General information
- Type: Glider
- National origin: United States
- Designer: Irving Prue
- Status: No longer in production
- Number built: Three

History
- Introduction date: 1962
- Developed from: Prue Standard

= Prue Super Standard =

American glider

The Prue Super Standard is an American, high-wing, single-seat, FAI Standard Class glider that was designed by Irving Prue in 1962 as a development of the Prue Standard.

==Design and development==
After Prue fielded the Standard in 1961 he quickly set about improving the design based on initial experience. The Super Standard appeared as a result, in 1962.

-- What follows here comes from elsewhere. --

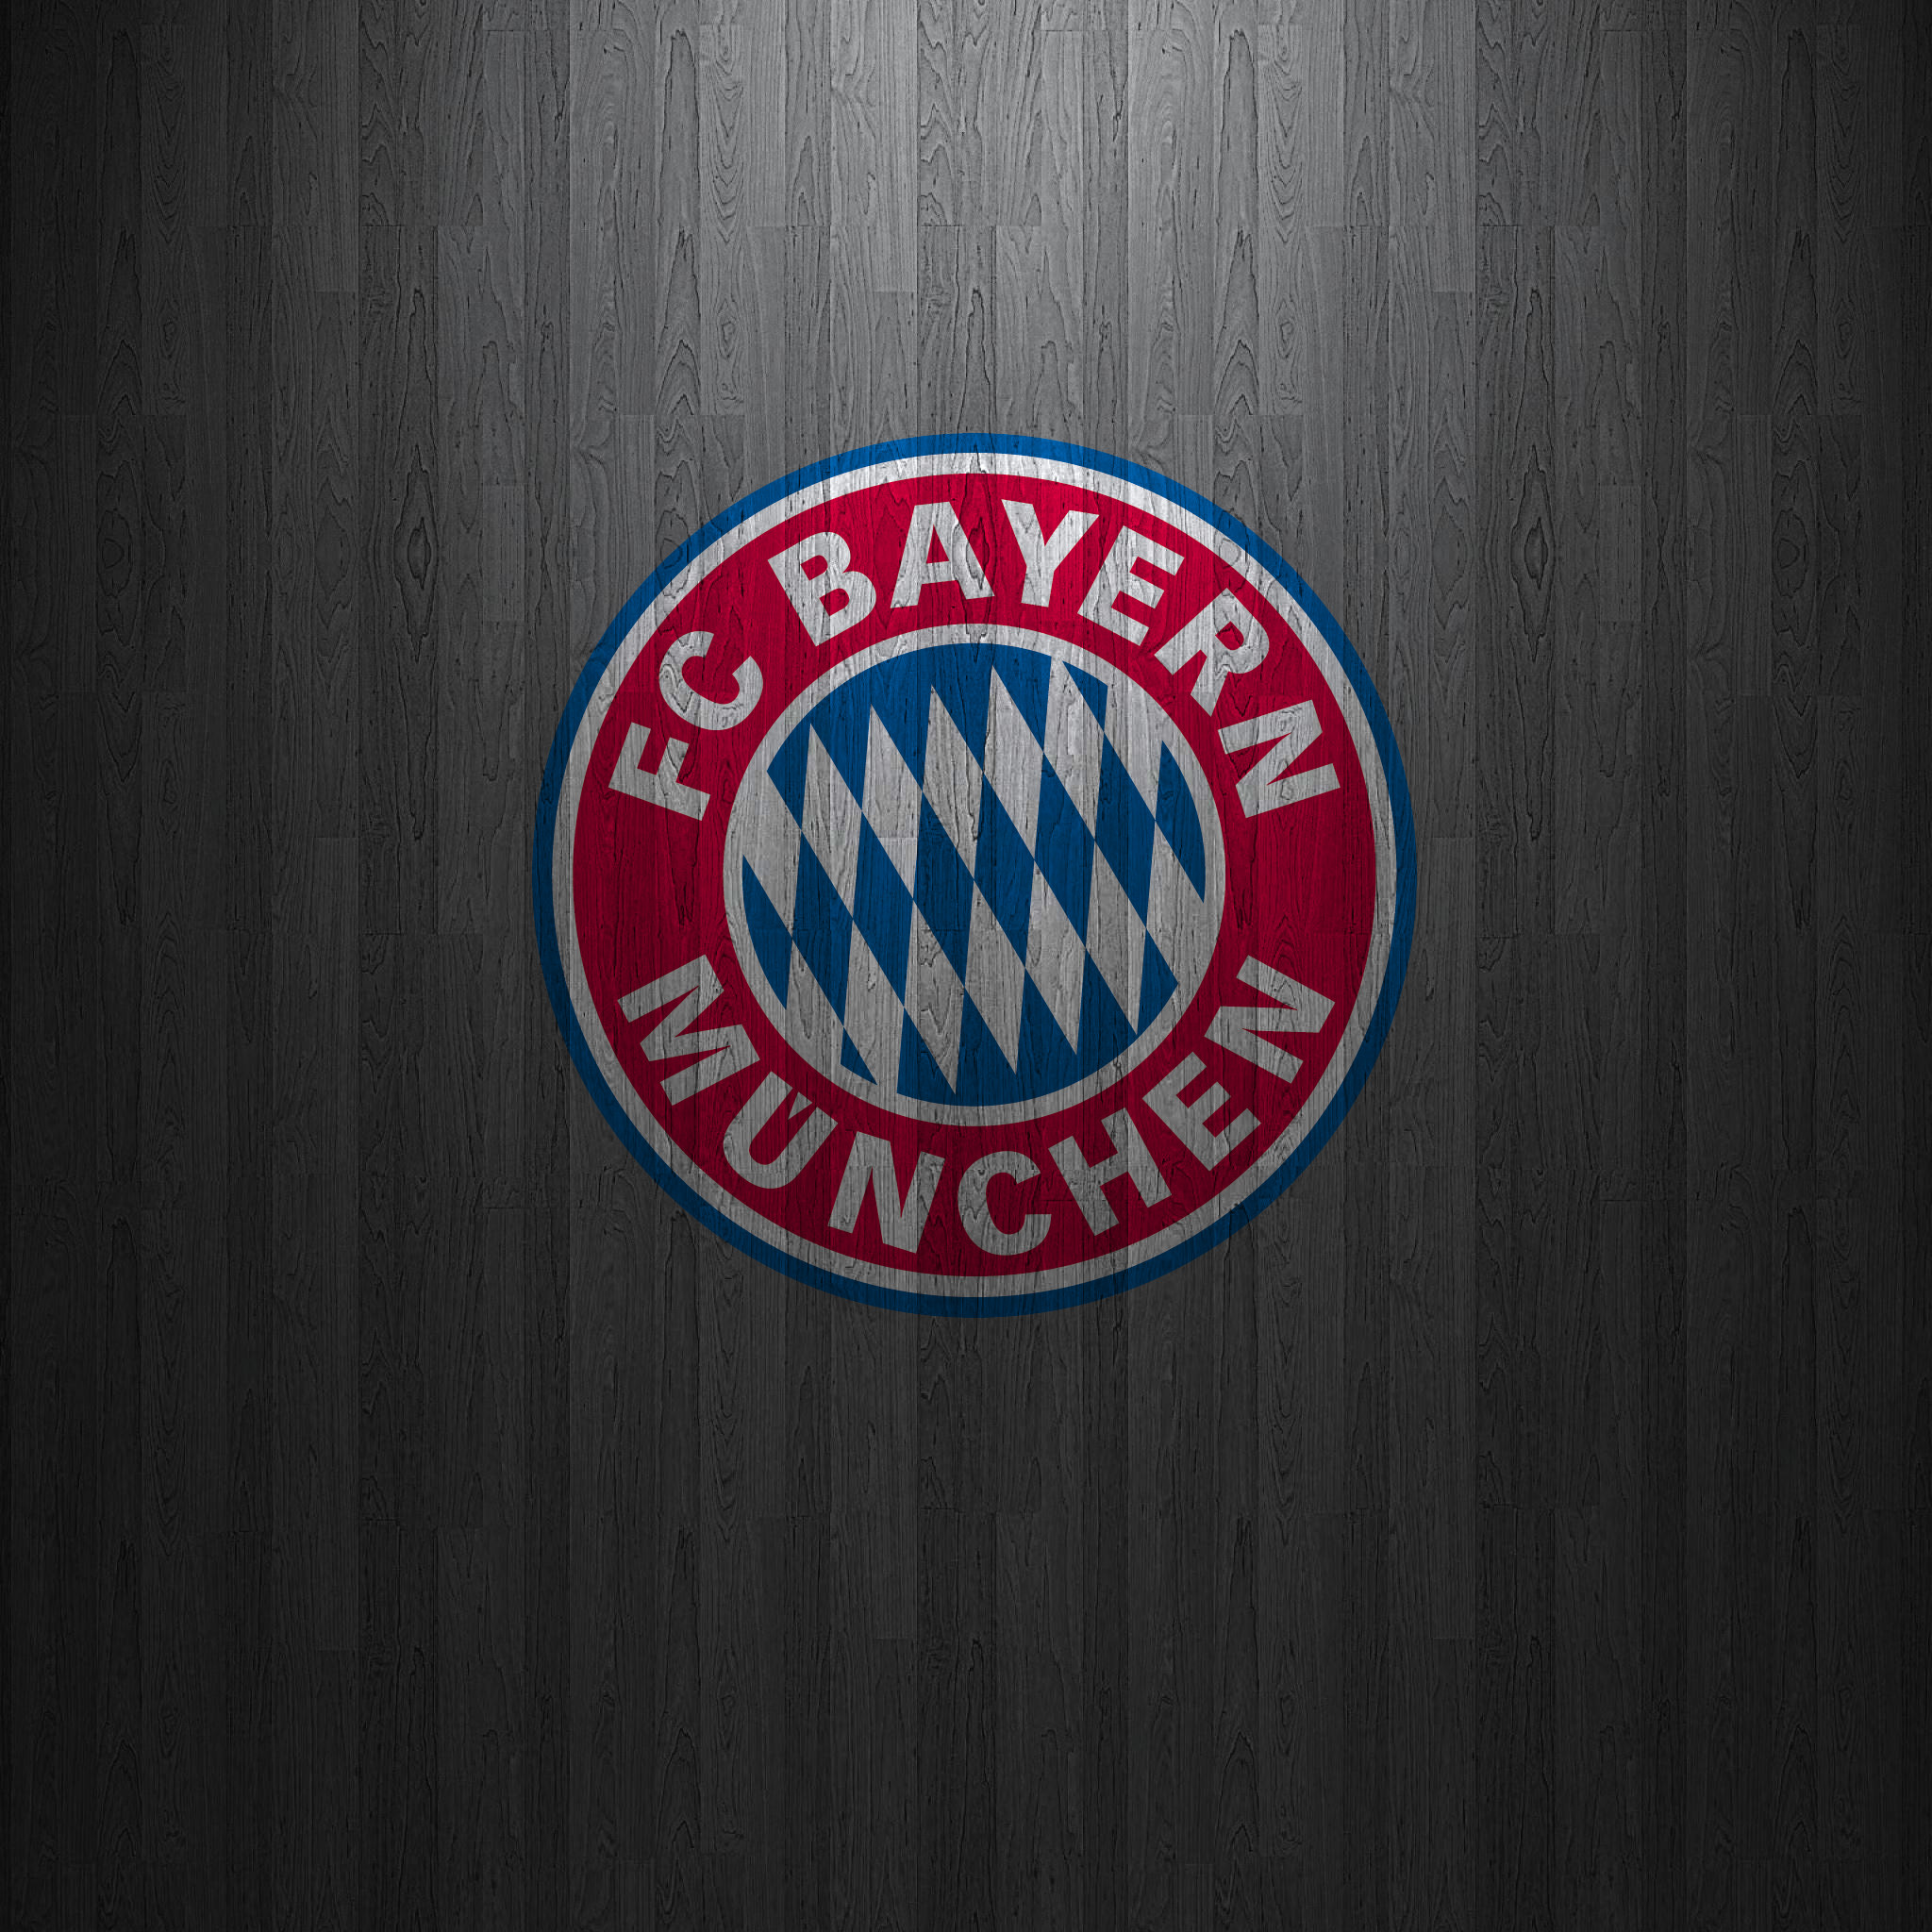 New England Patriots Iphone X Wallpaper Die 75 Besten Fc Bayern Wallpapers

The Super Standard incorporated many changes, including a conventional low-tail to replace the Standard's V-tail, which was intended to reduce induced drag in circling flight. Other changes included a two-piece canopy, a fuselage with less height, trailing edge dive brakes and the use of a different airfoil. Whereas the Standard employs the NACA 63-618 airfoil, the Super uses the NACA 65-518. As required by the Standard Class rules, the Super Standard has no water ballast and the landing gear is a fixed monowheel.

The wing skins of the prototype Super are thick ones made from magnesium that allow fewer wing ribs to be used. Later Supers built used aluminium wing skins, including the conforming certification prototype. Despite the improvements, the Super's glider ratio and minimum sink rates are identical to the Standard's.

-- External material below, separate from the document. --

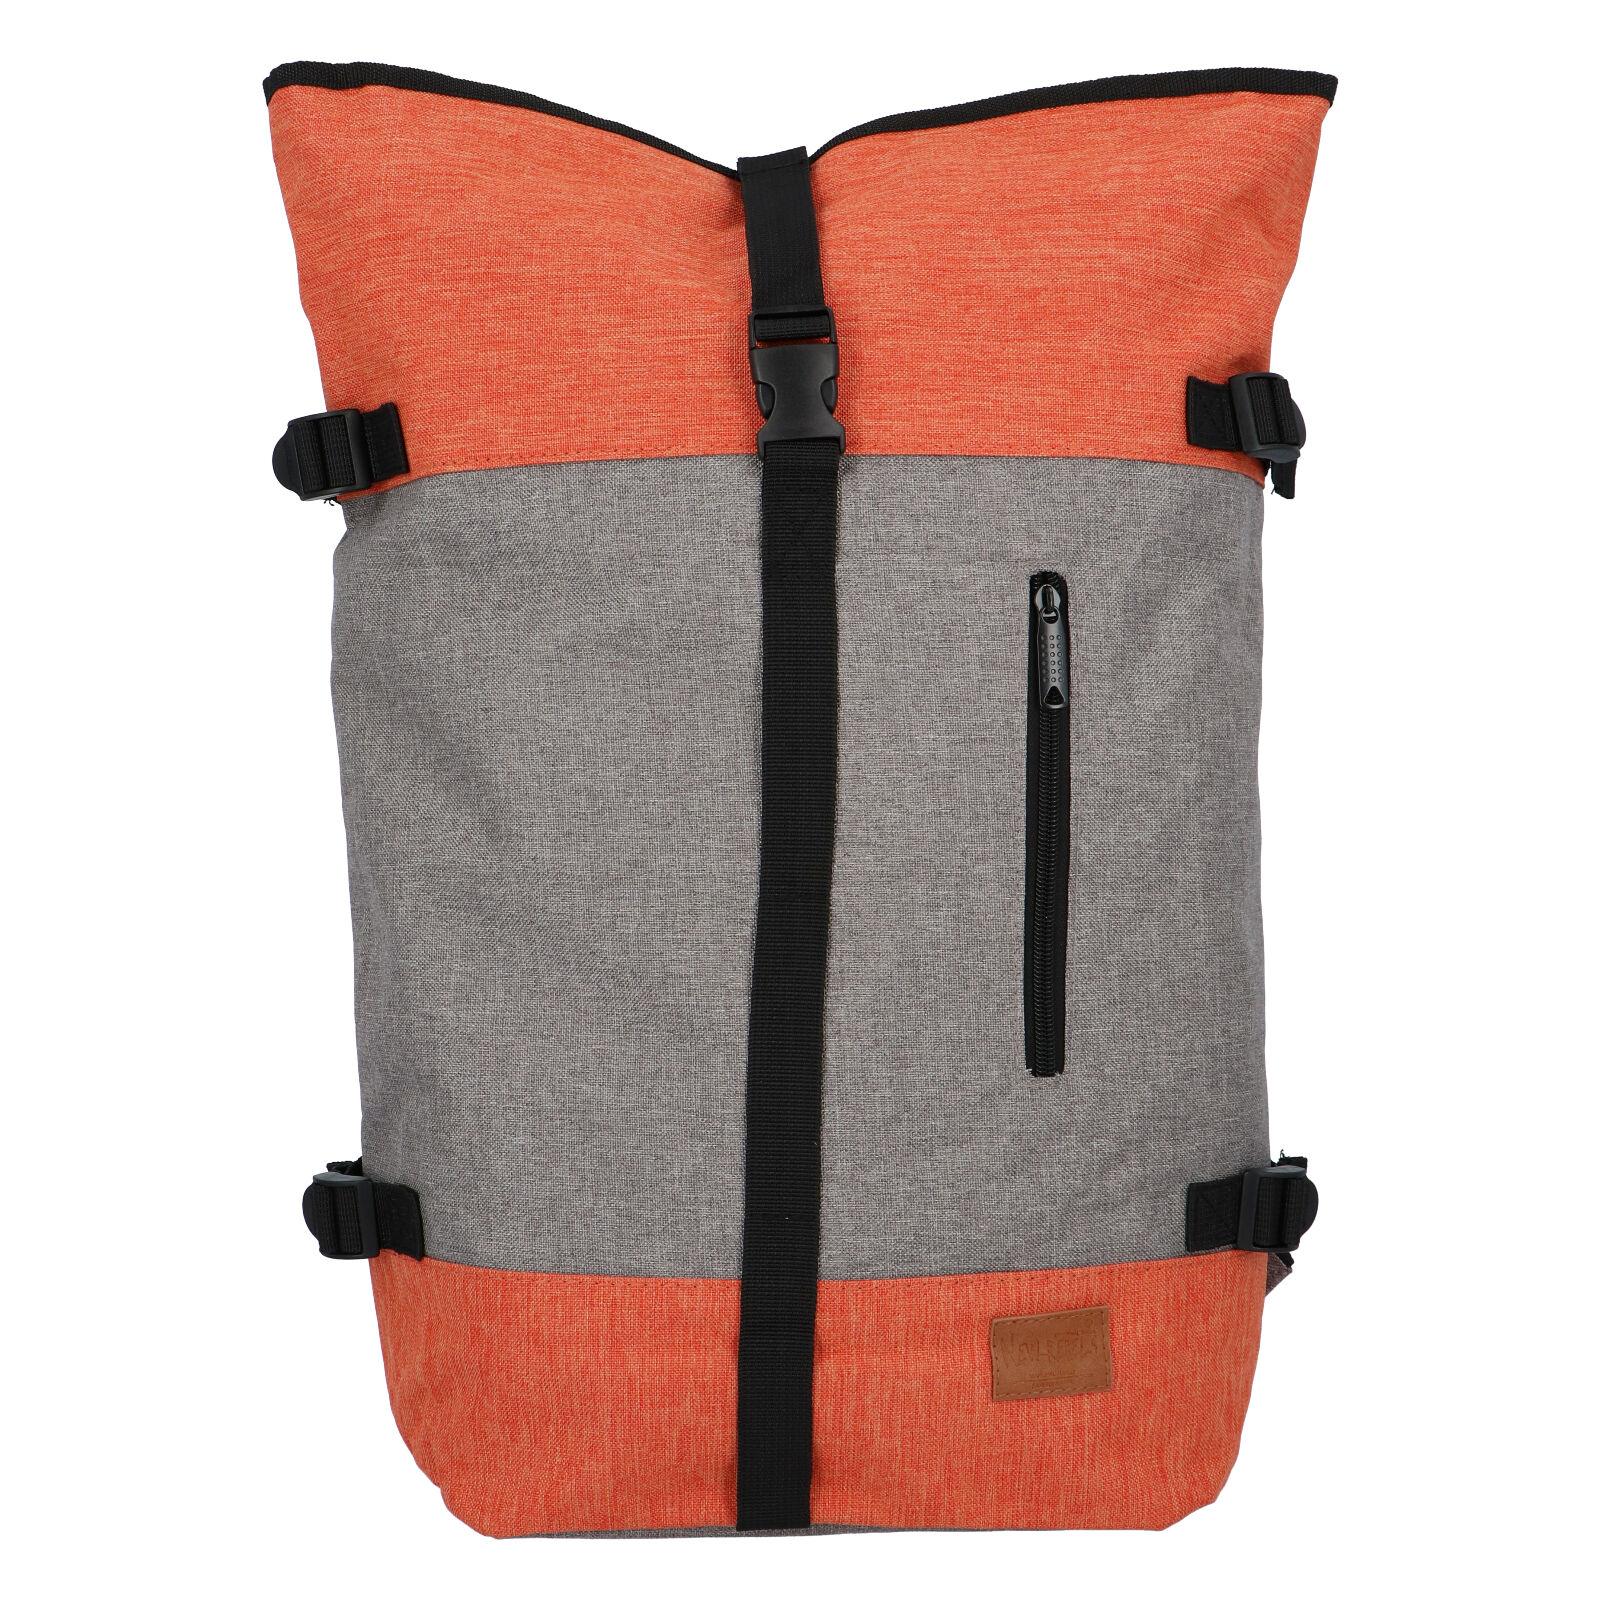 Jedinečný veľký štýlový unisex batoh šedo-oranžová - New Rebels Rebback

Prue pursued Federal Aviation Administration aircraft type certification for the Super Standard in anticipation of series production. The type certificate was awarded on 28 December 1964, but only three aircraft were completed, the prototype in the Experimental - amateur-built category, one in the Experimental - certification compliance category and one certified example.

==Operational history==
The famous sailplane photographer, Alex Aldott, set the Hungarian national distance record of 748 km in a Prue Super Standard.

In June 2011 two Super Standards were still registered with the FAA, with the third listed as having its registration revoked.